In the present case, the Democratic Party filed its complaint (now prosecuted by Chitwood) on September 30, 1998, but the record reflects no hearing was held within the two-to-seven-day period required under Rule 78(d). As previously noted, the circuit court initially scheduled October 5 as a hearing date, but, for whatever reasons, that hearing never took place. In reviewing the partial record, the various affidavits reflecting service on the defendants are listed, but nothing in the record reflects a notice was actually served on the defendants informing them that they were to appear on October 5, 1998, or a date not later than seven days from when the complaint and petition was filed. In fact, the record shows the hearing on the appellee’s complaint was ultimately held on October 28, almost a full month after the complaint was filed and only six days prior to the November 3, 1998 general election.
Because the record fails to show appellee expeditiously obtained the mandated hearing required under Rule 78(d), we stay the circuit court’s order. At the same time, we grant an accelerated appeal.
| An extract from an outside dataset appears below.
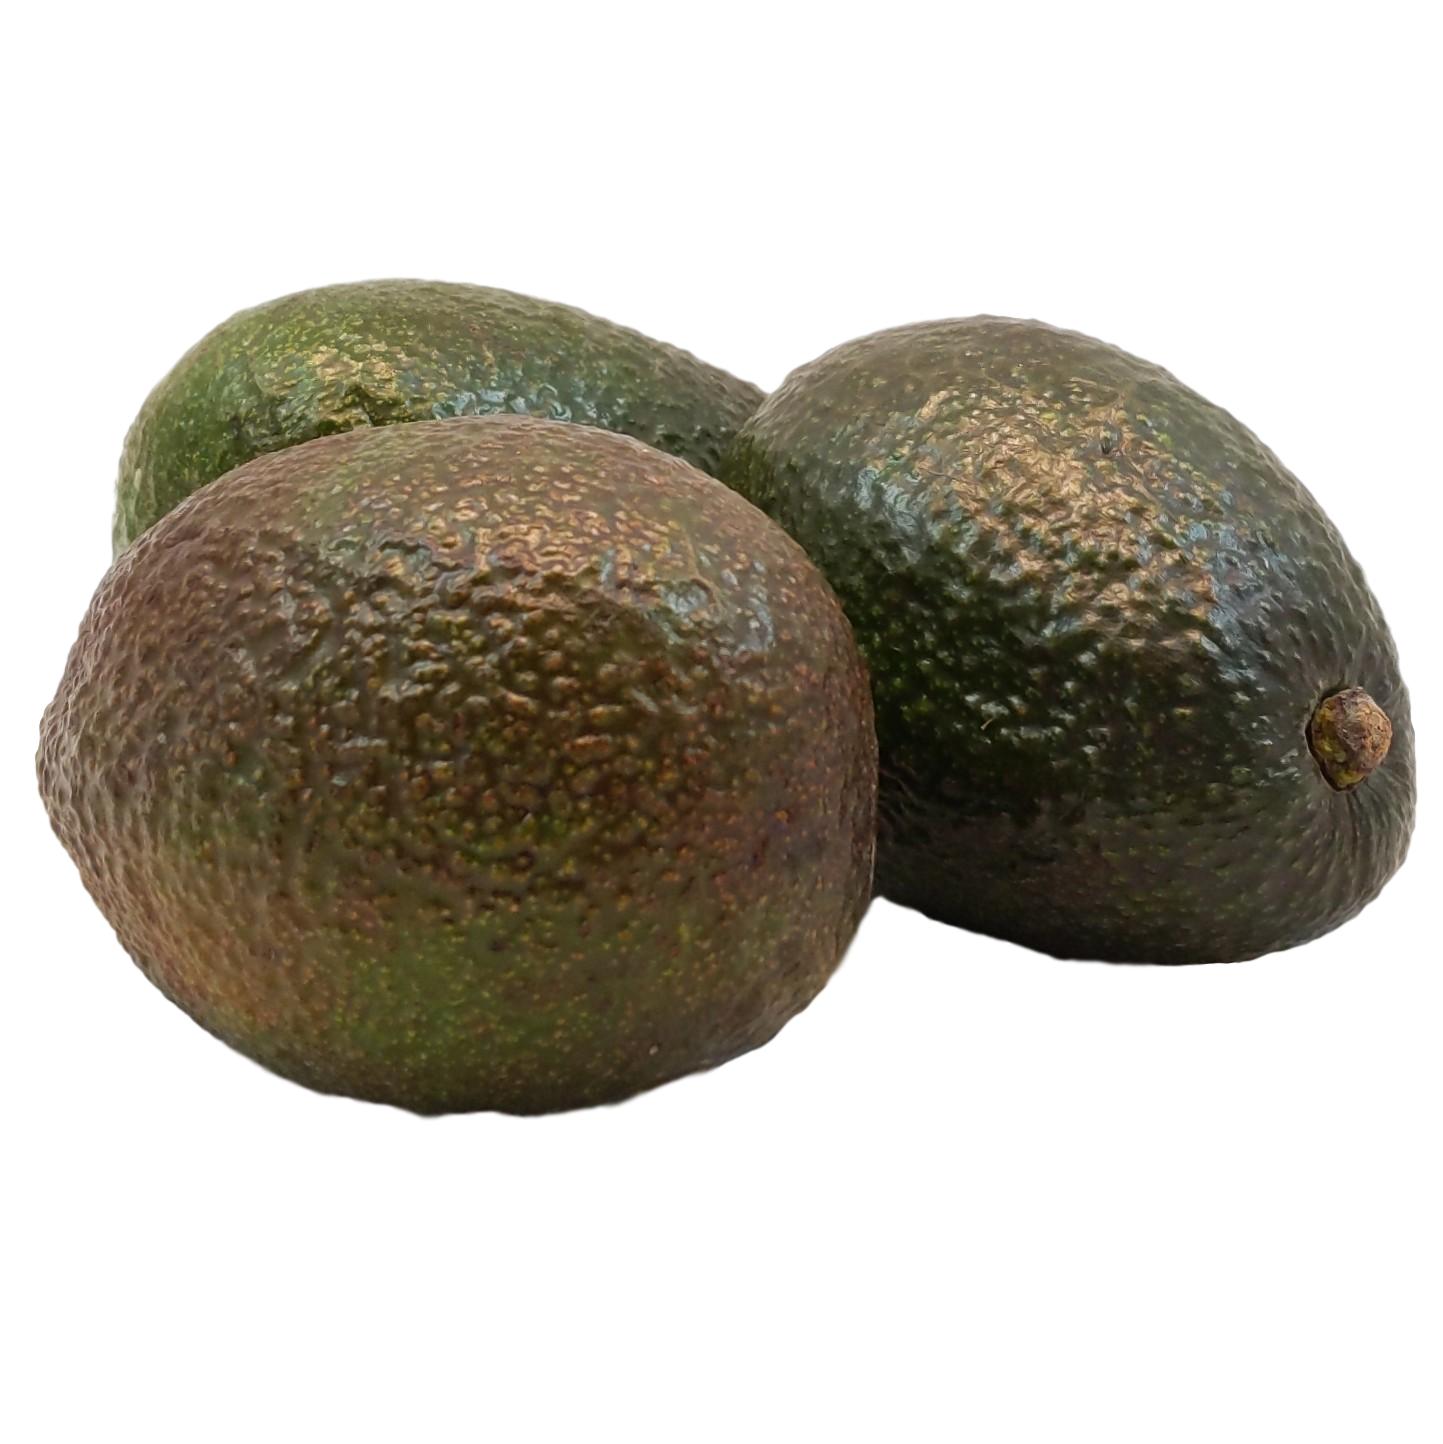 Bio Avocado online kaufen & bestellen » Bio Grauer Shop

In doing so, we direct appellants to file the remaining portion of the record no later than Friday, November 13, 1998, and their initial brief on Friday, November 20, 1998. The appellee will file his responsive brief no later than Friday, November 27, 1998. Appellant’s reply brief will be due no later than Tuesday, December 1, 1998, so the case can be submitted on Thursday, December 3, 1998.